The 120 second timeout was later added with bed1a5cc05a9880b91fc9ac8d8a959efe3b3d512 to address http://tracker.ceph.com/issues/16580 .
On systems with many osds, "ceph-disk trigger" during startup results in a large amount of contention for the /var/lock/ceph-disk flock, and can lead to some services tripping the 120 second timeout.
Given that the intention of the flock was to restrict concurrent invocations for a single device, it should be sufficient to use the device path for the flock. This will allow "ceph-disk trigger" events for different devices to run concurrently, greatly reducing the likelihood of service timeout.

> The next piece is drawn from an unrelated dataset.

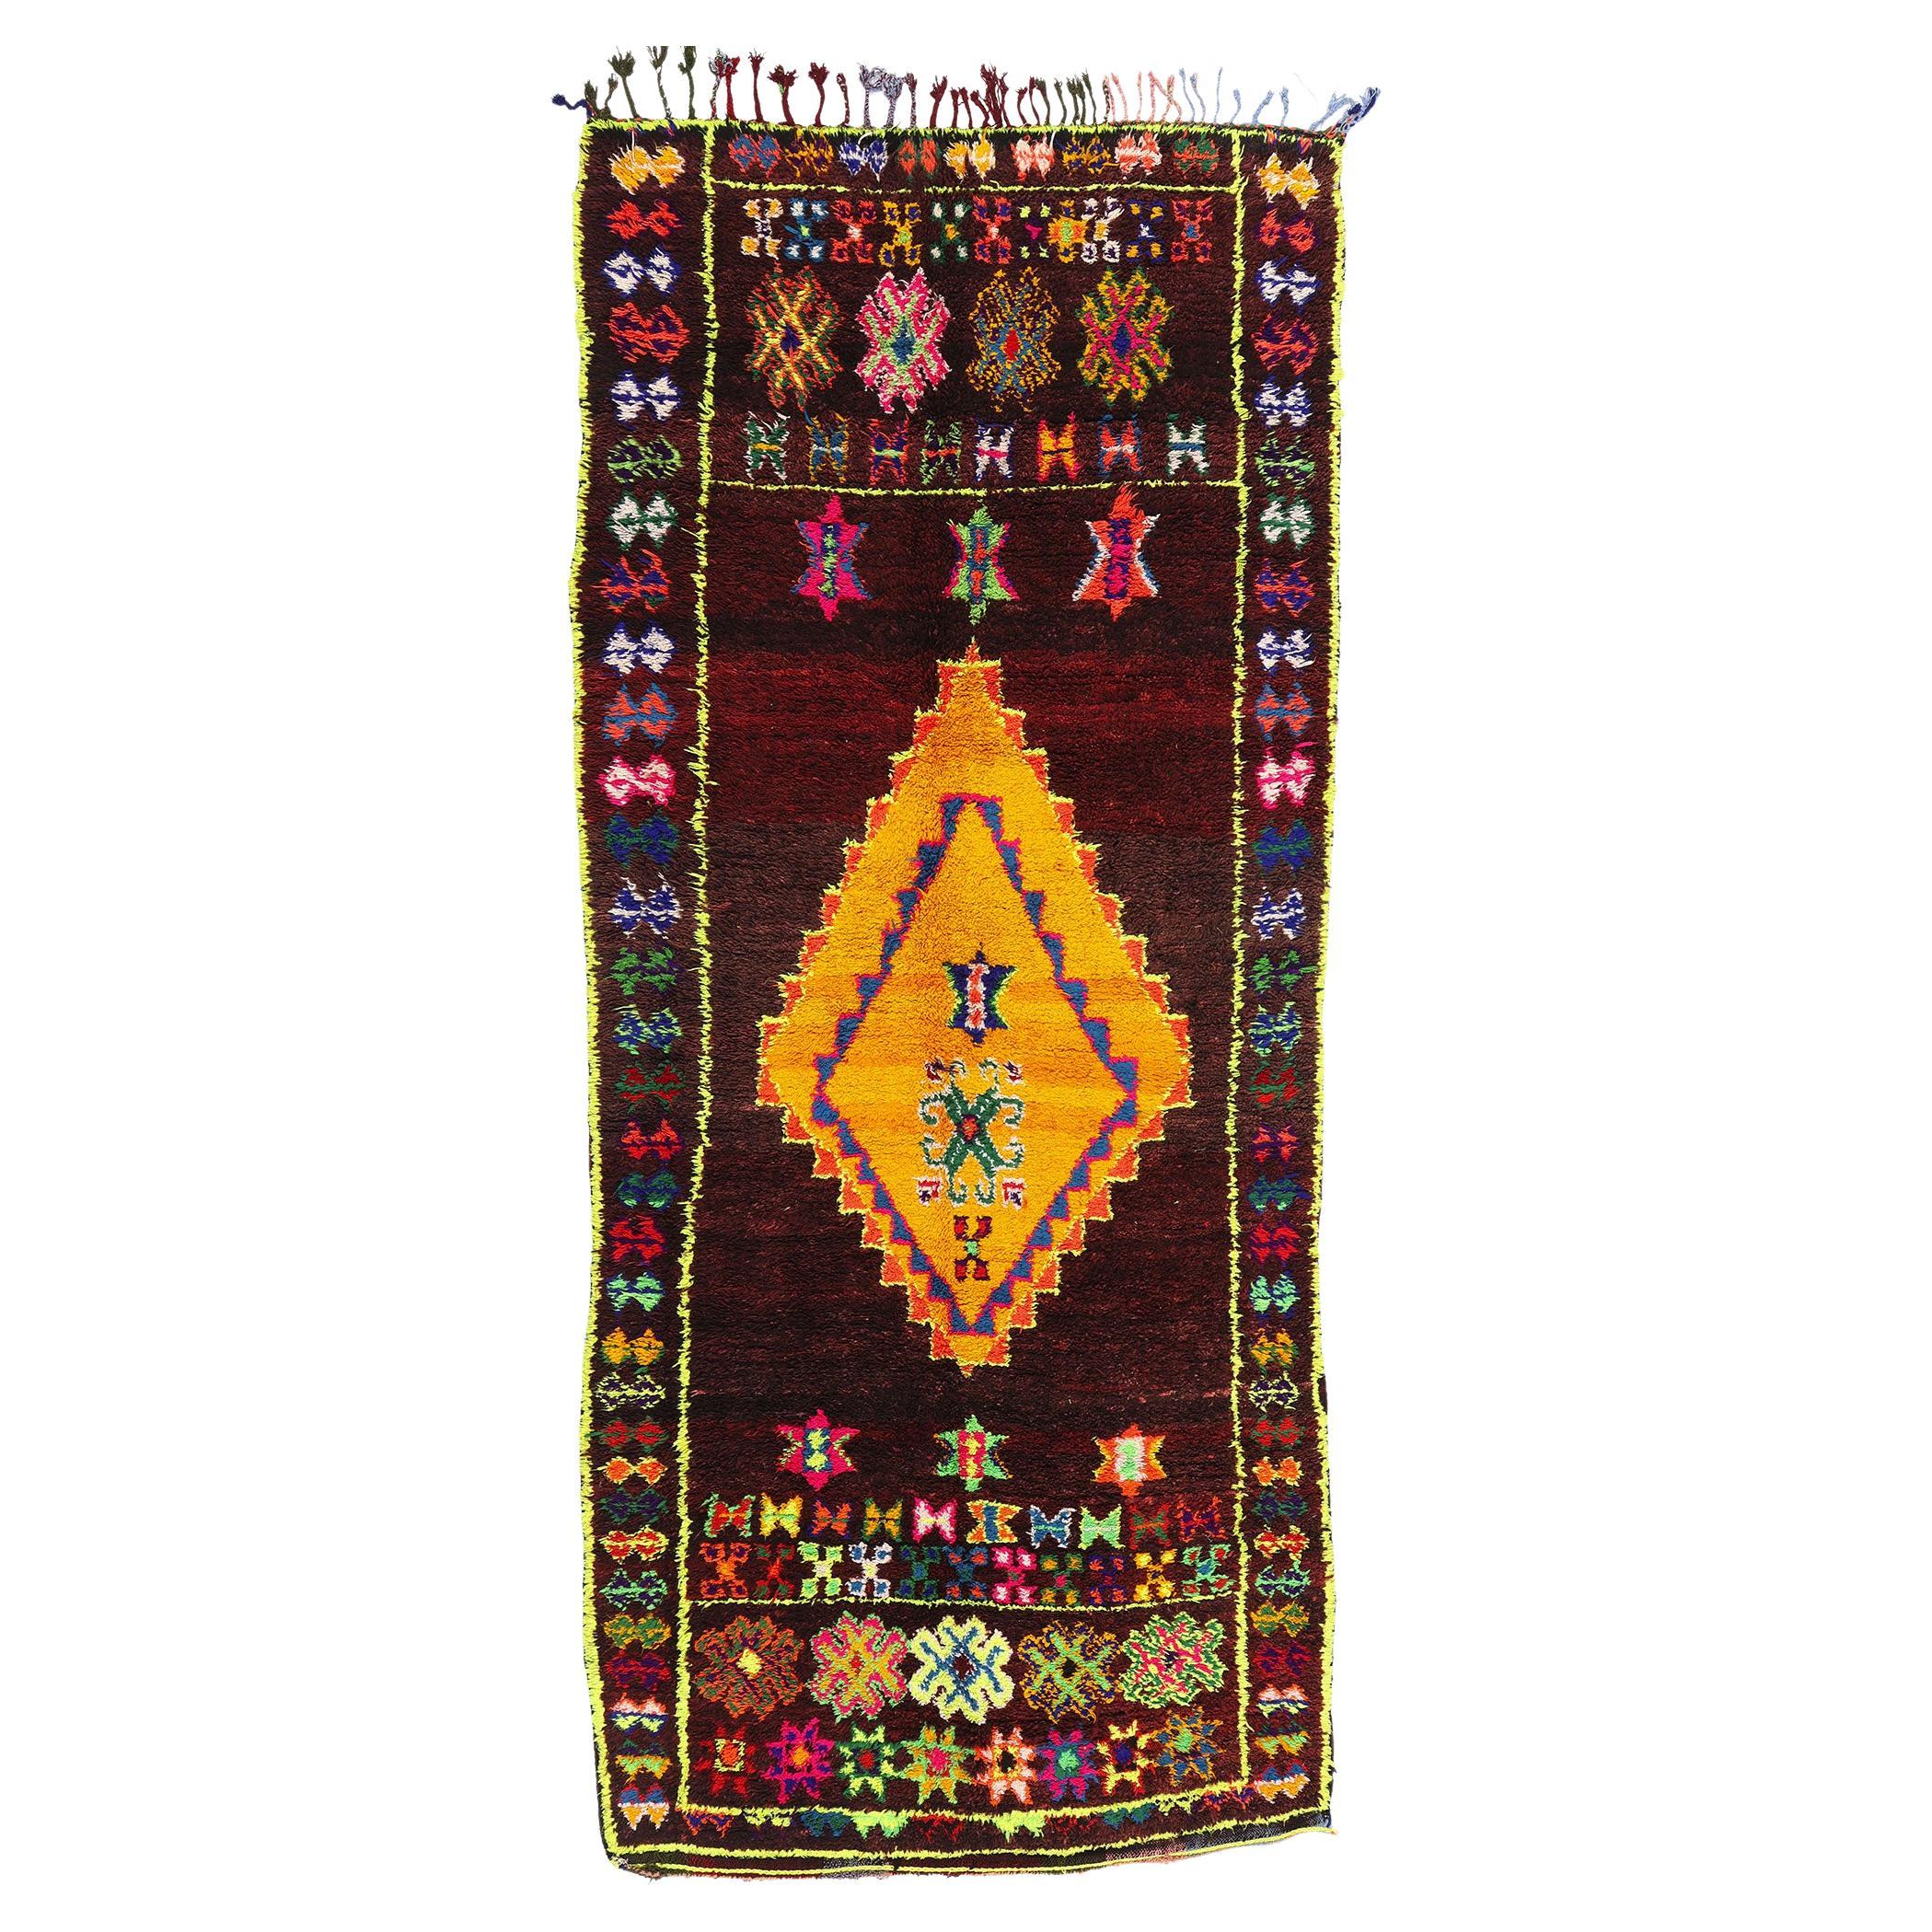 Vintage Beni MGuild Marokkanischer Teppich, kühner Boho-Stil trifft auf Maximalismus im Angebot

Updated by Loïc Dachary over 7 years ago
- Status changed from New to 7
- Priority changed from Normal to Urgent
- Backport set to jewel
Updated by Loïc Dachary over 7 years ago
- Status changed from 7 to Pending Backport
Updated by Loïc Dachary over 7 years ago
- Copied to Backport #18060: jewel: timeout during ceph-disk trigger due to /var/lock/ceph-disk flock contention added
Updated by Loïc Dachary about 7 years ago
Updated by Nathan Cutler about 7 years ago
- Status changed from Pending Backport to Resolved